The data below should be copied out exactly, with its pictures omitted.
Given information START
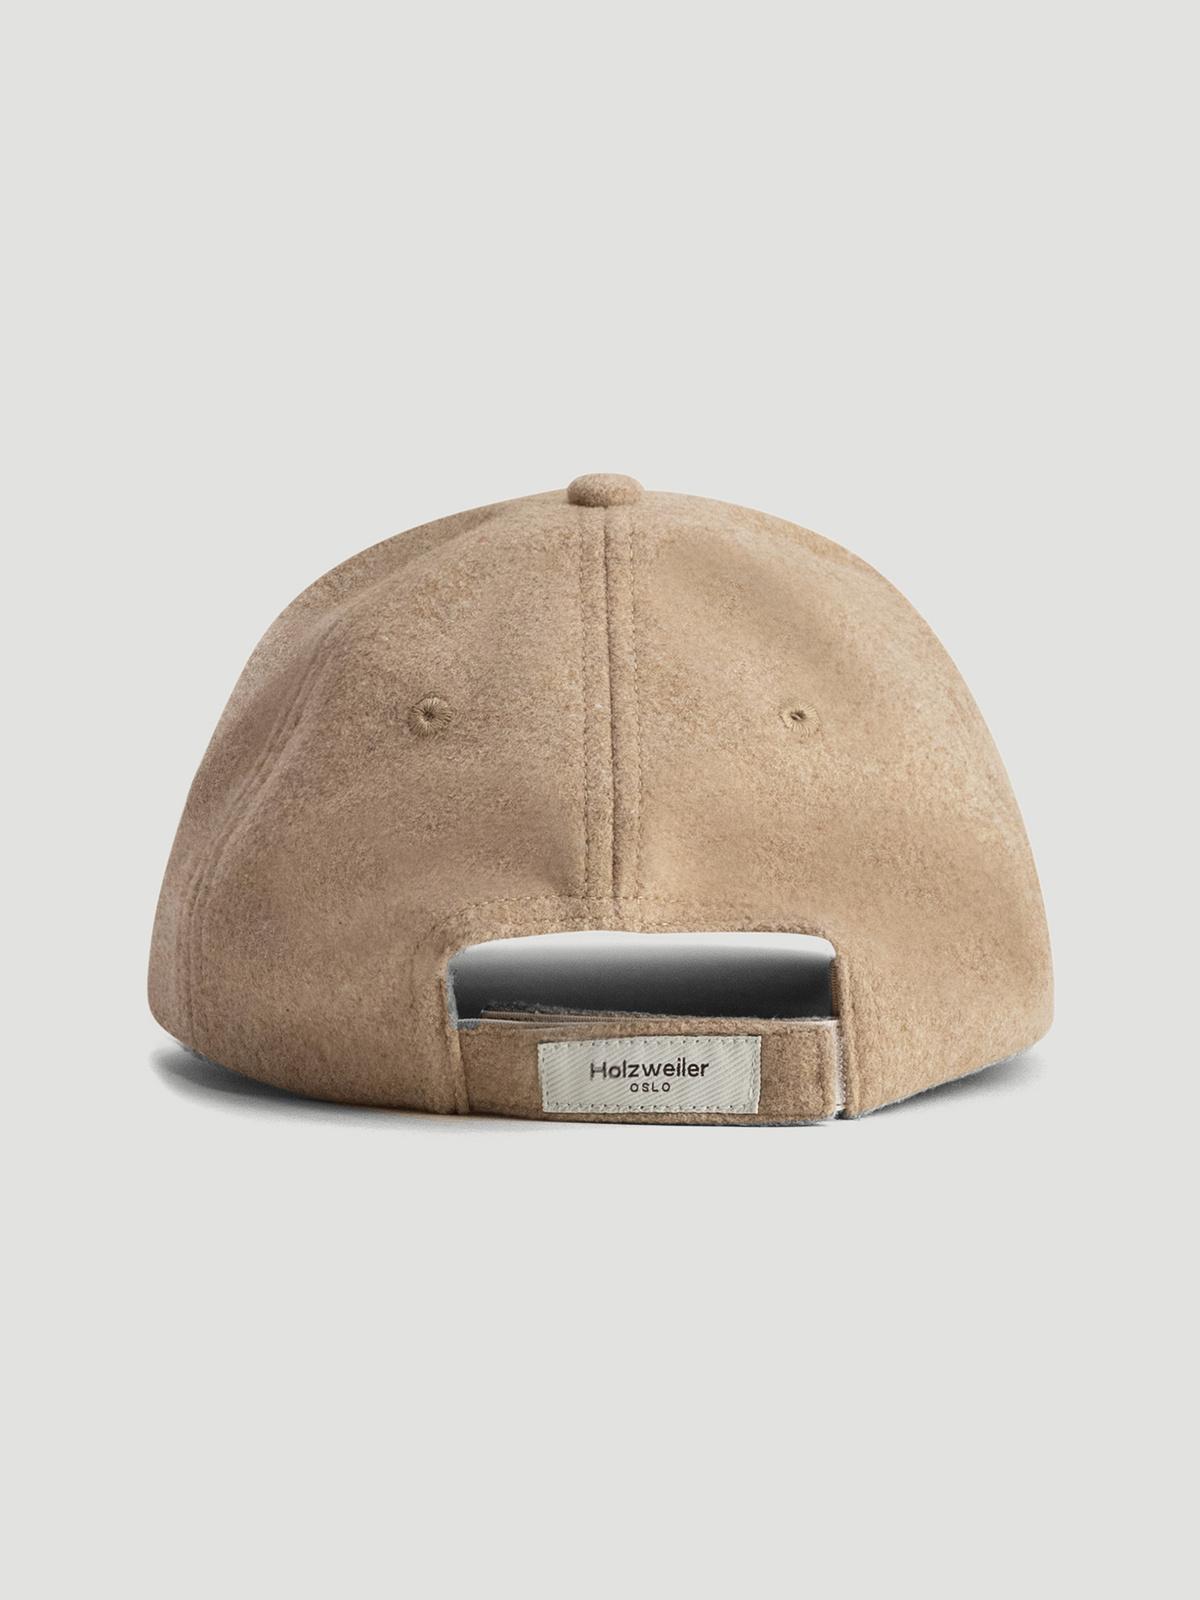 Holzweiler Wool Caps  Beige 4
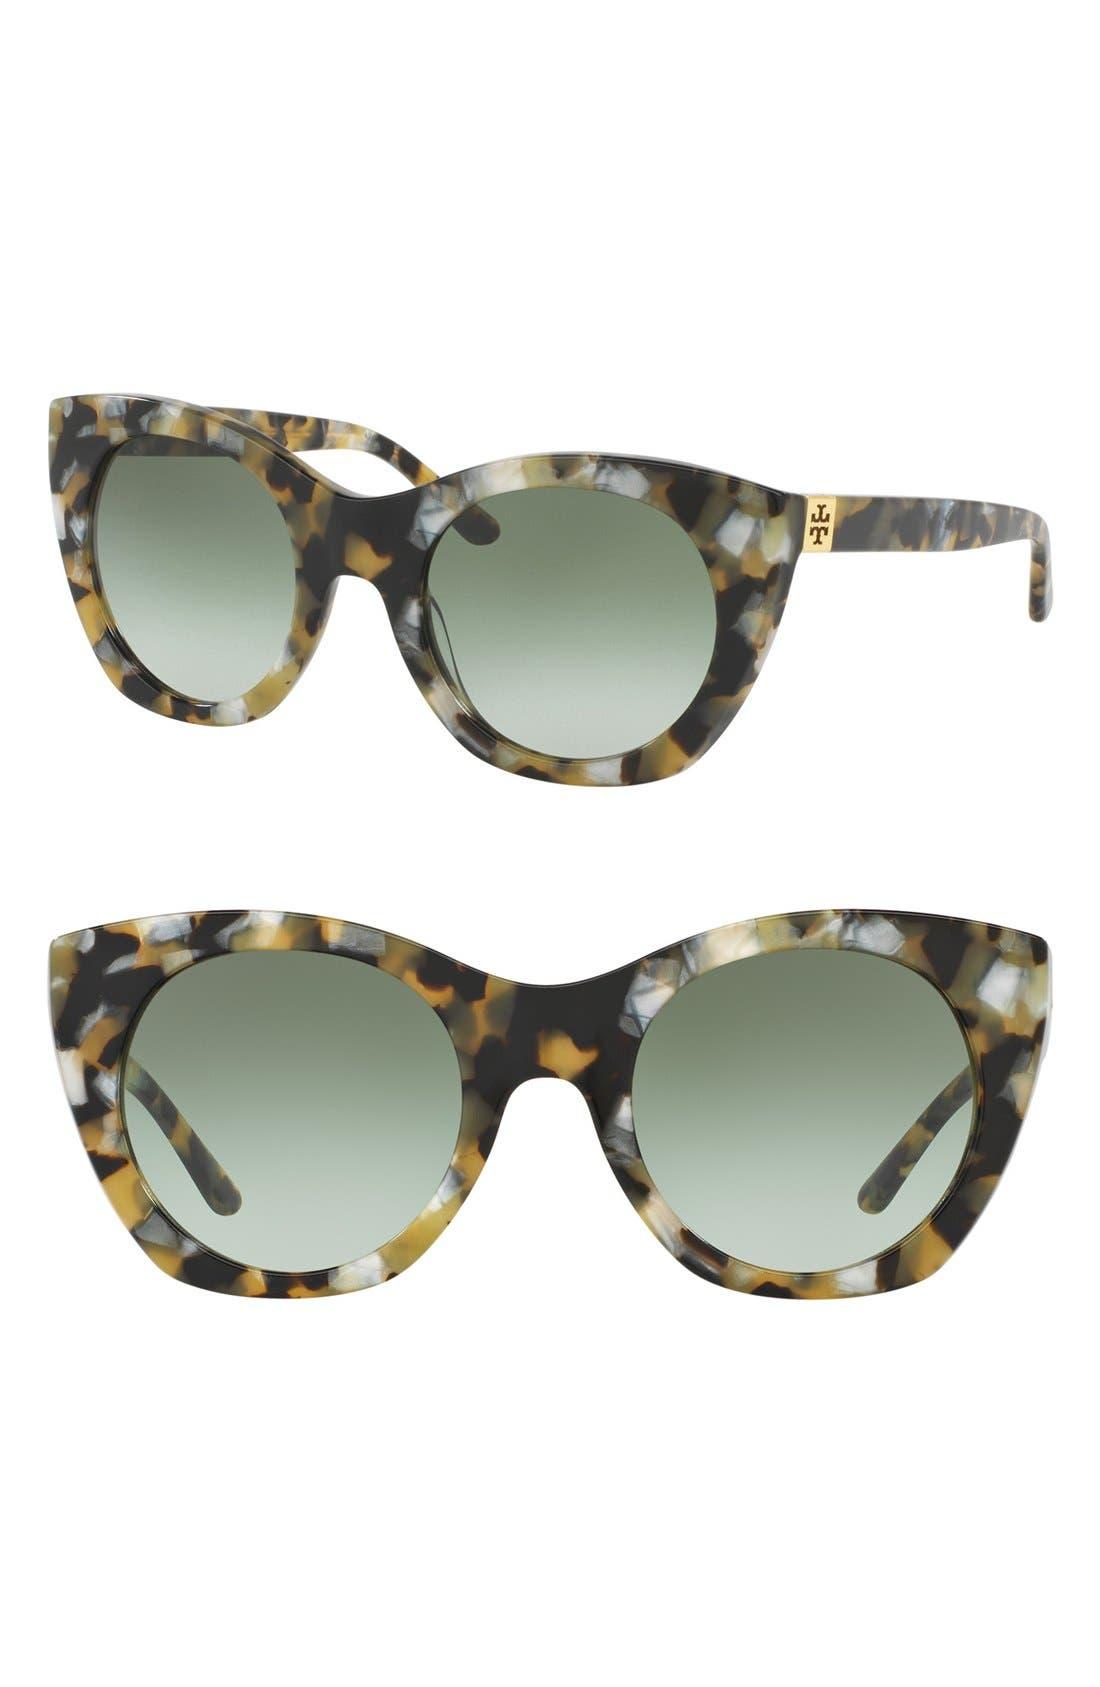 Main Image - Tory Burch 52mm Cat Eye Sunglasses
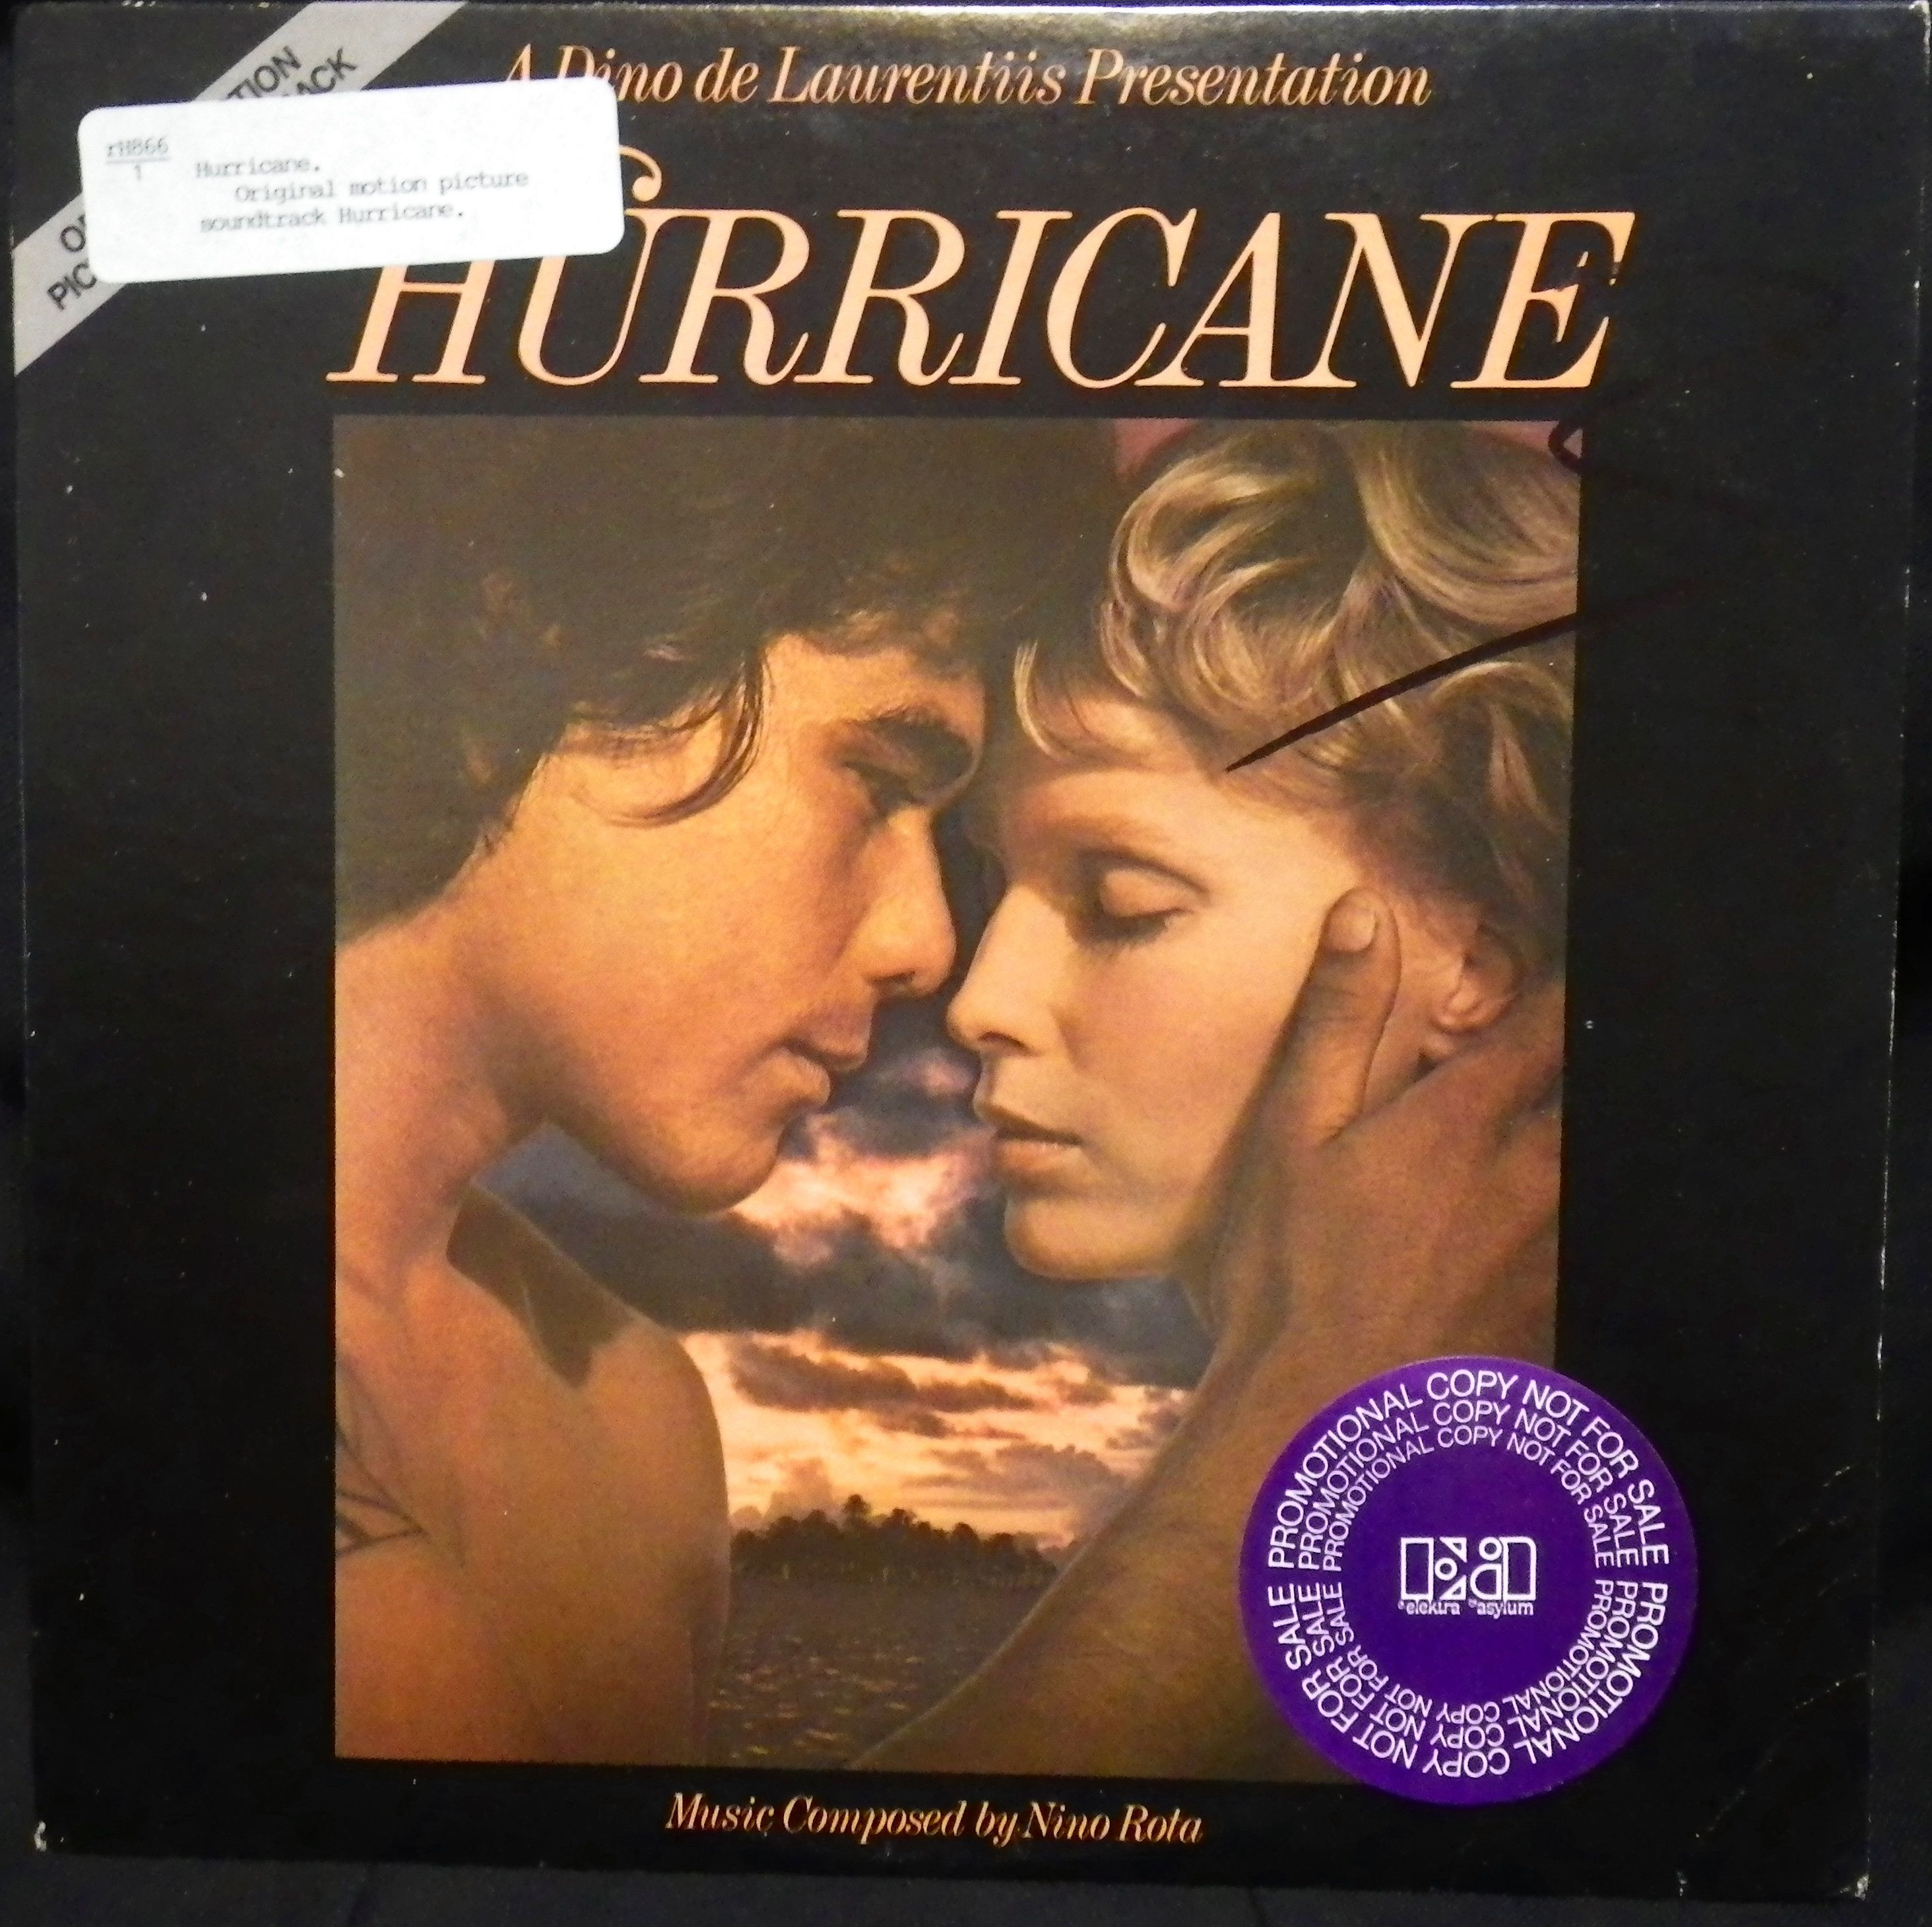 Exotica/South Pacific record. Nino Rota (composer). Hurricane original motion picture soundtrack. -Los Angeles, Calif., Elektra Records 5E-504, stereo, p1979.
Given information END
_Task solution_
 Holzweiler Wool Caps  Beige 4
 Main Image - Tory Burch 52mm Cat Eye Sunglasses
 Exotica/South Pacific record. Nino Rota (composer). Hurricane original motion picture soundtrack. -Los Angeles, Calif., Elektra Records 5E-504, stereo, p1979.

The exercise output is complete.